- _What you will do_: Your output should match the listing below word for word, without any images.

- _Data section_:
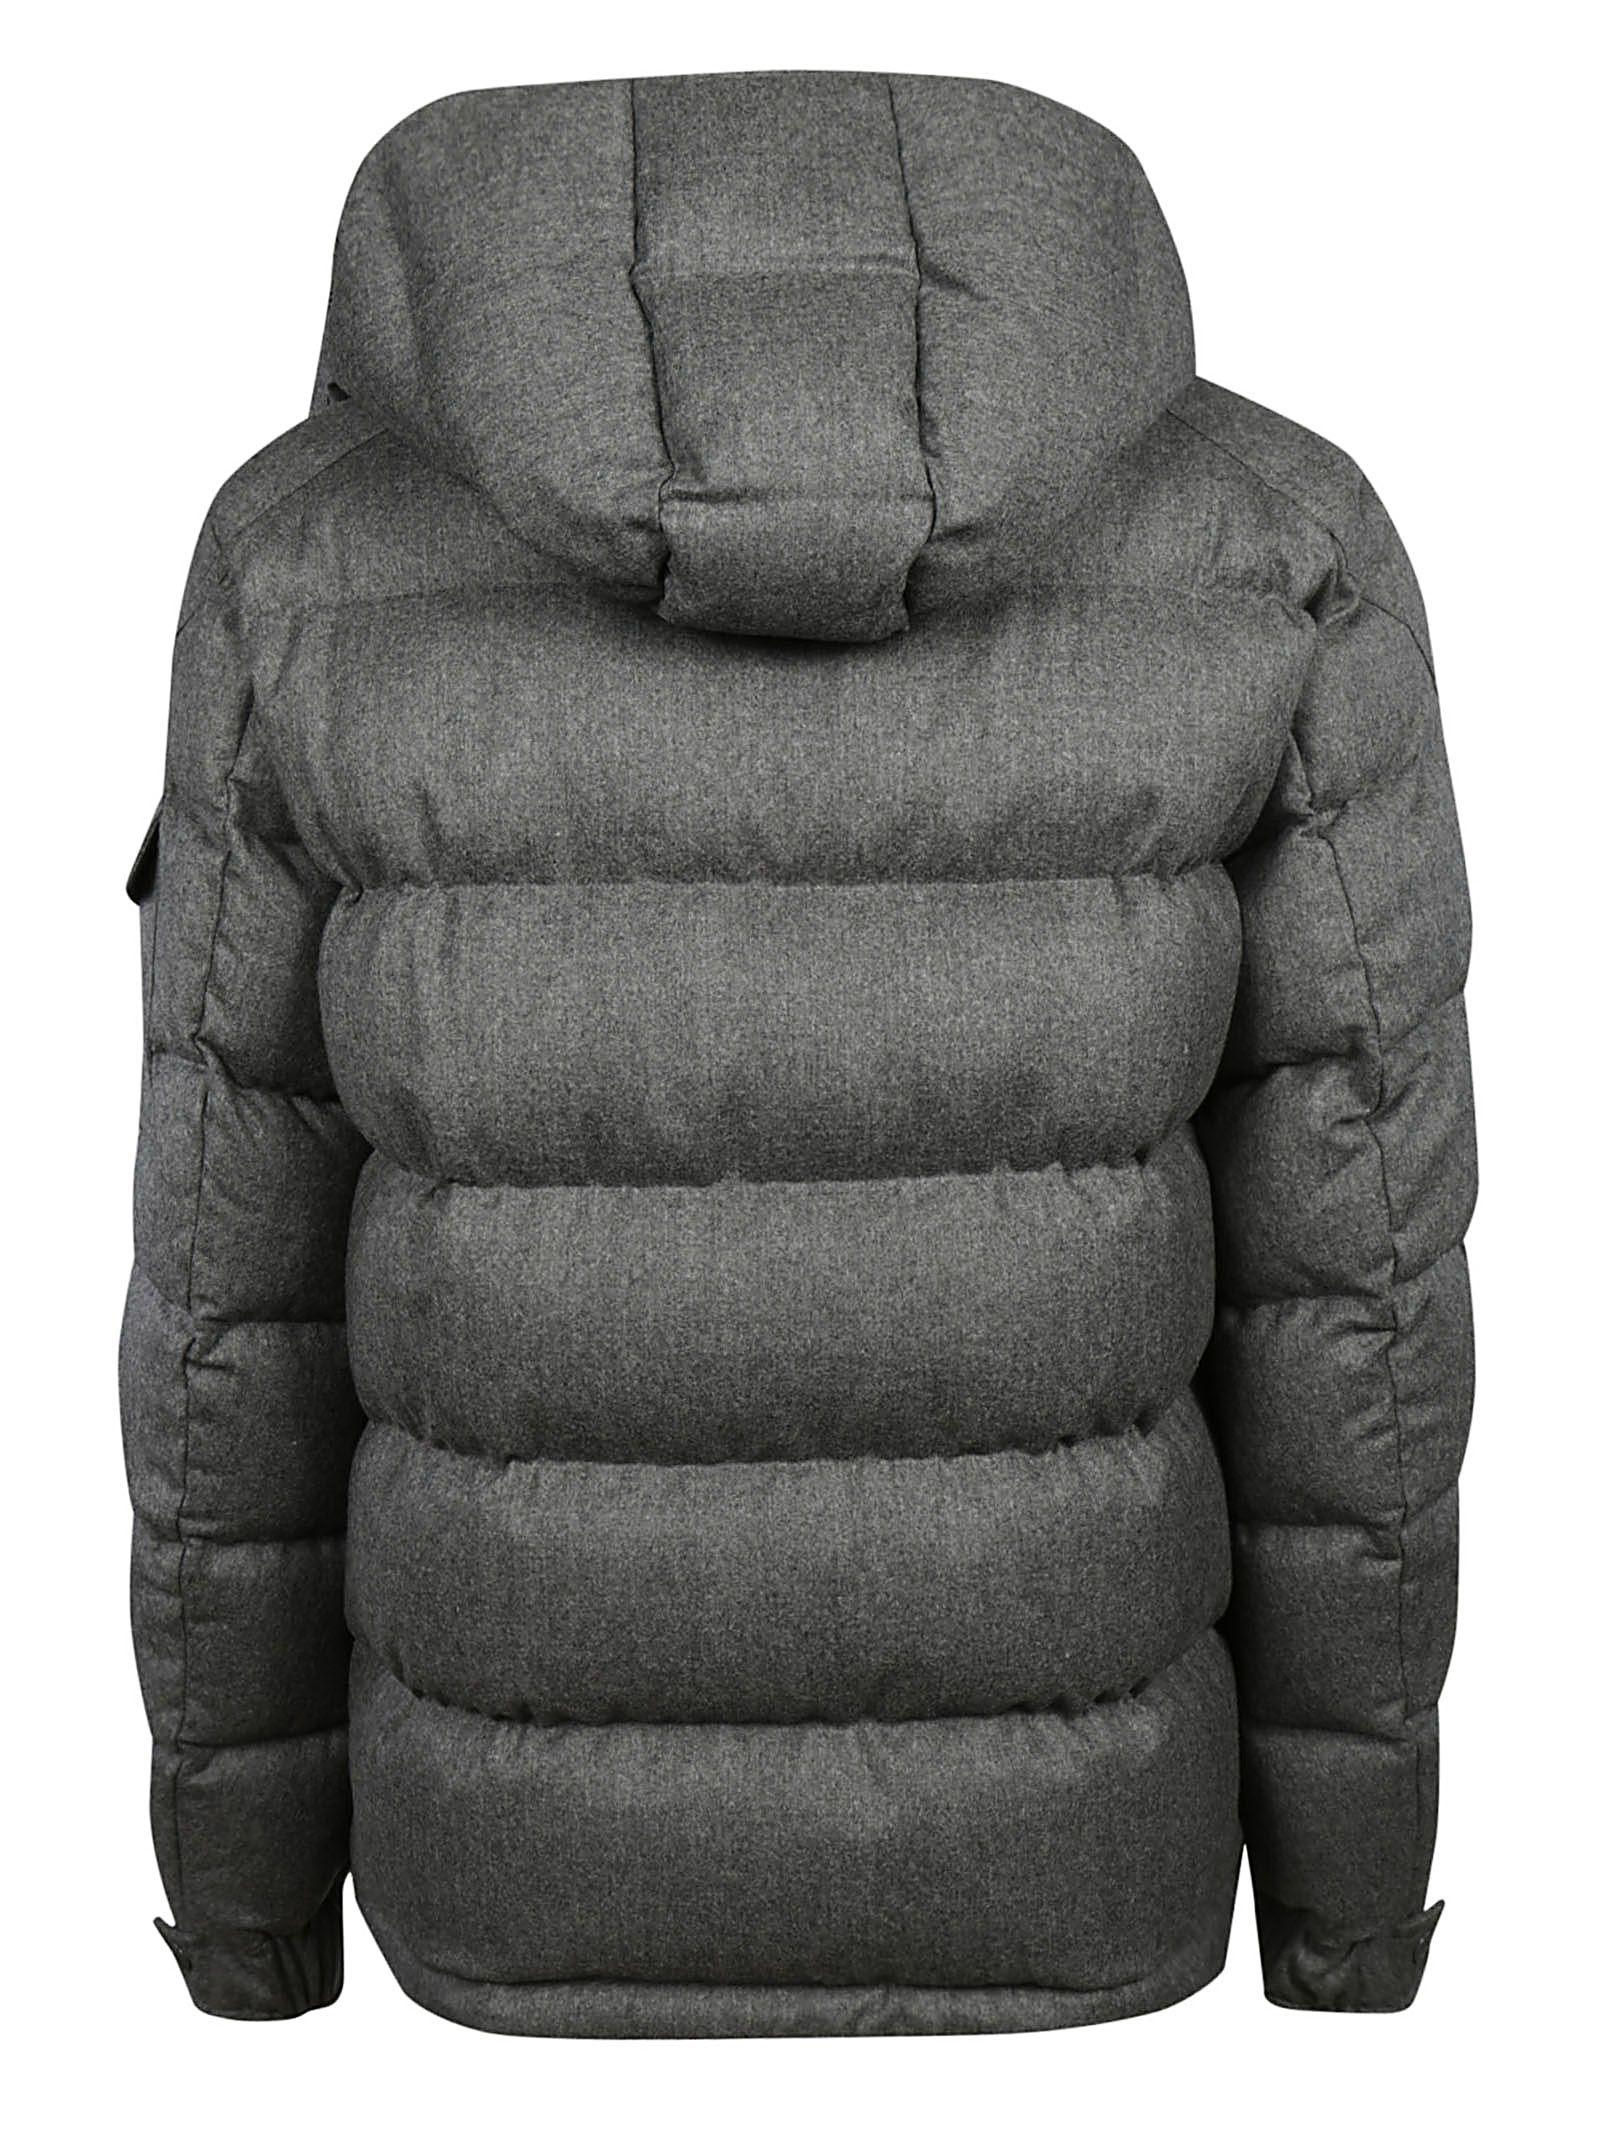 Moncler Montgenevre Padded Jacket - Antracite Moncler Montgenevre Padded Jacket - Antracite
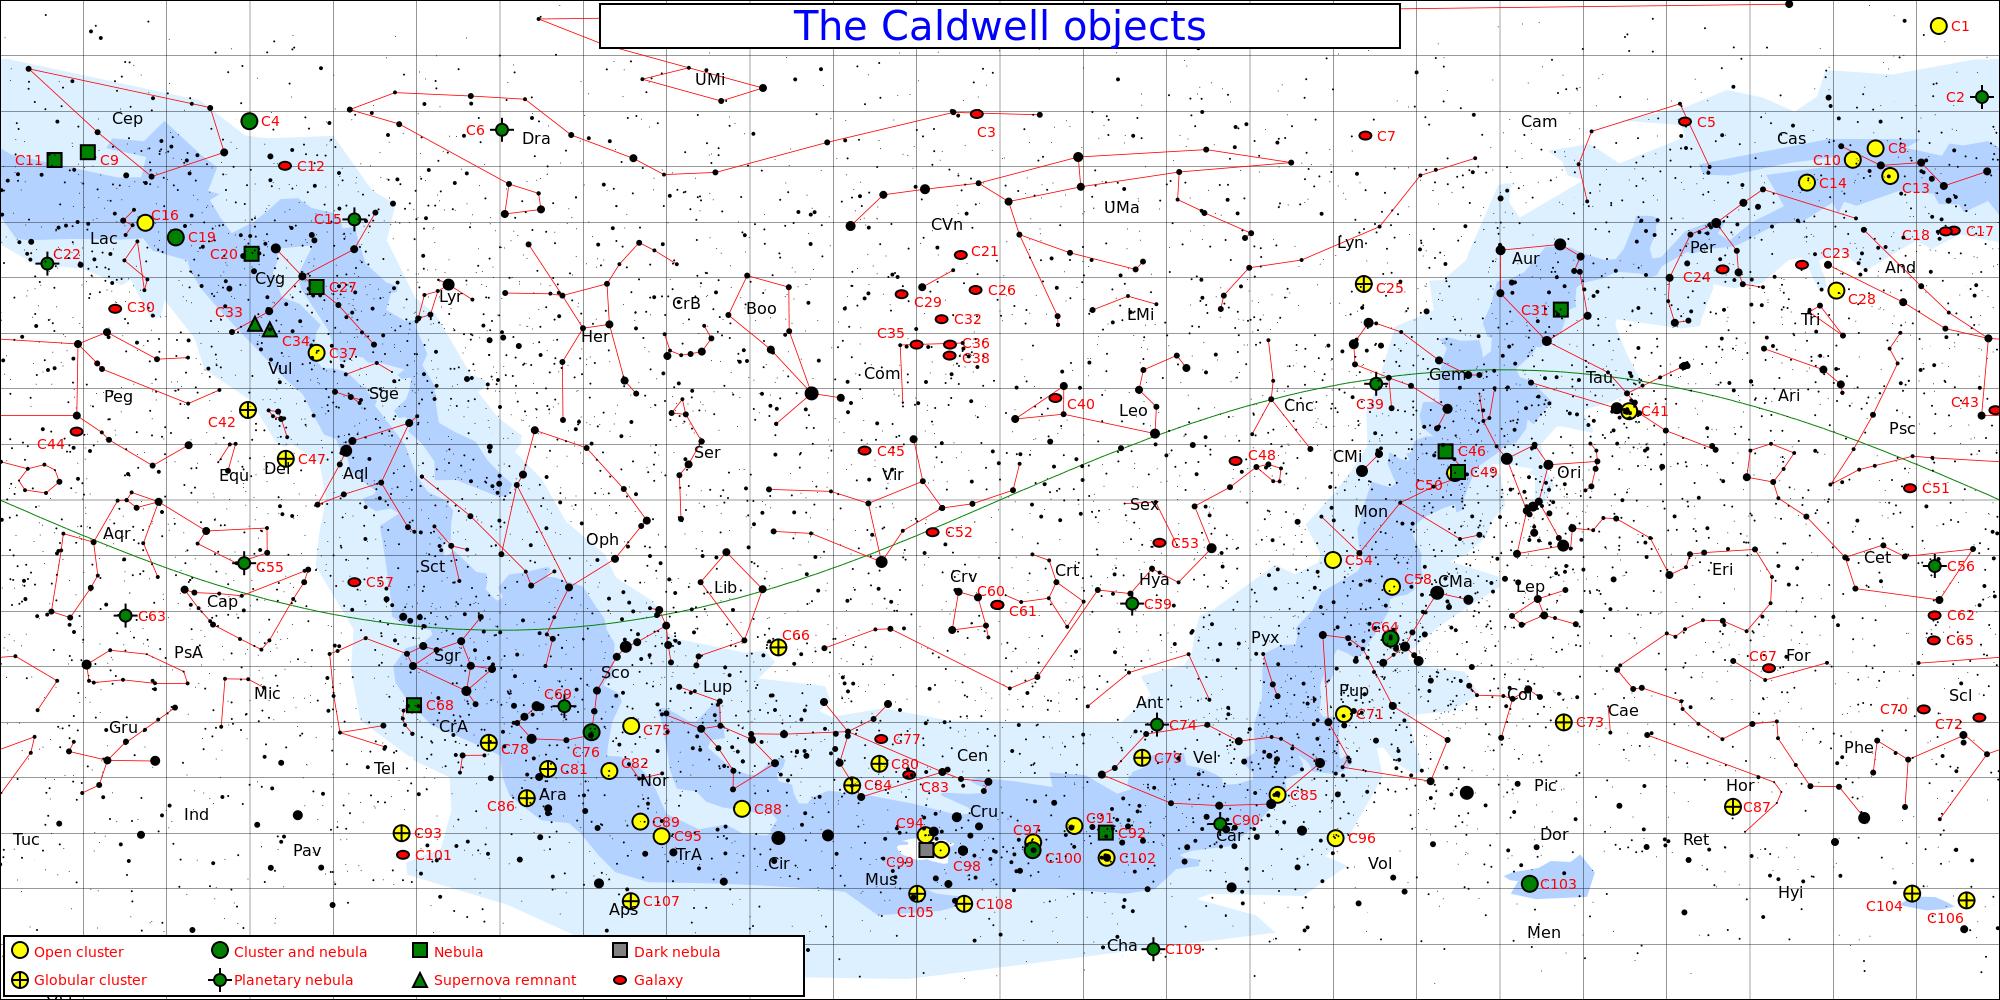 CaldwellStarChart-2000px
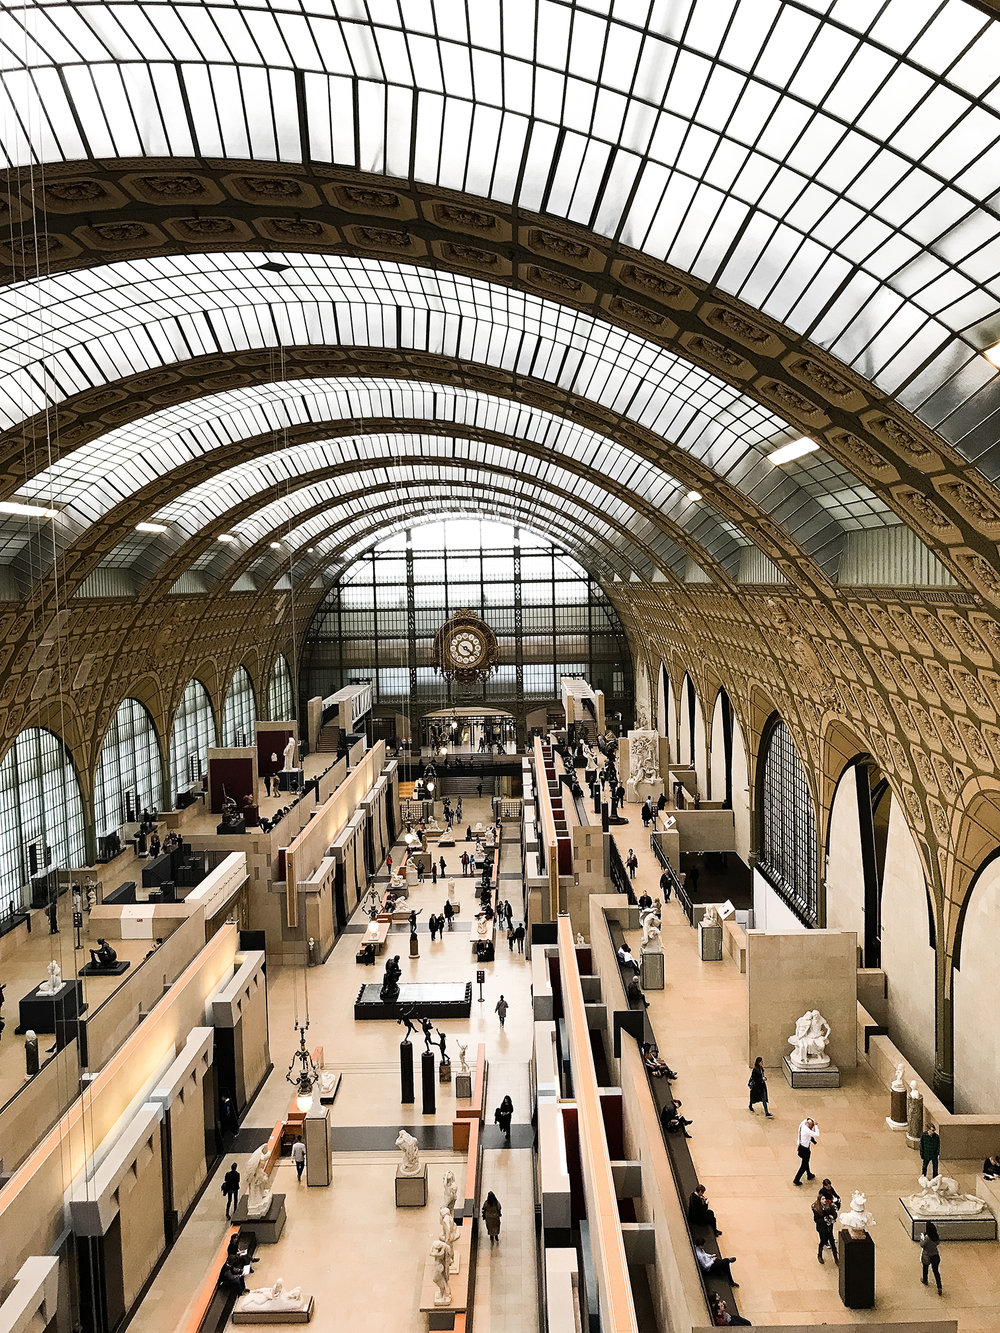 sheila-burgos-paris-Musée d'Orsay.jpg
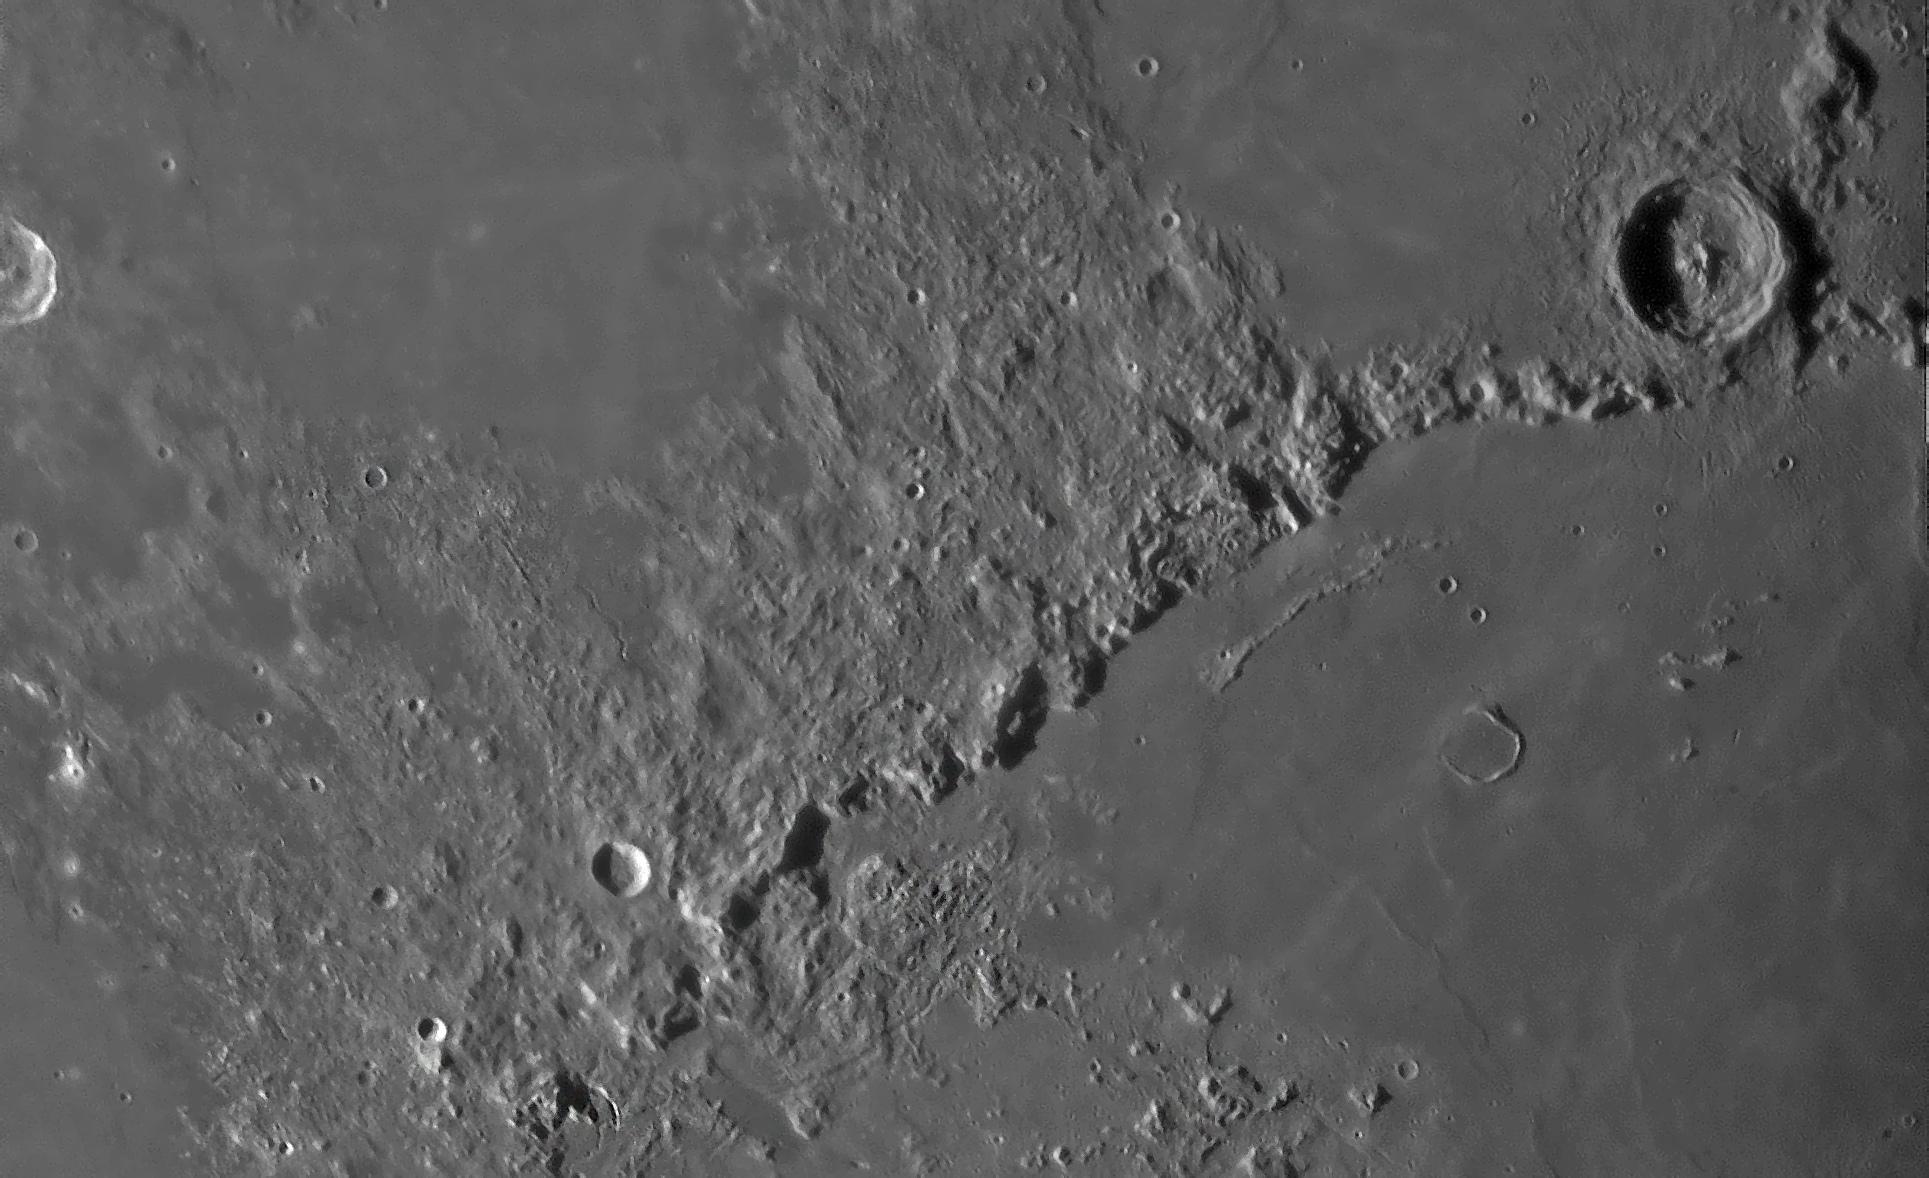 lune27nov4.jpg

- _Completed exercise_:
 Moncler Montgenevre Padded Jacket - Antracite Moncler Montgenevre Padded Jacket - Antracite
 CaldwellStarChart-2000px
 sheila-burgos-paris-Musée d'Orsay.jpg
 lune27nov4.jpg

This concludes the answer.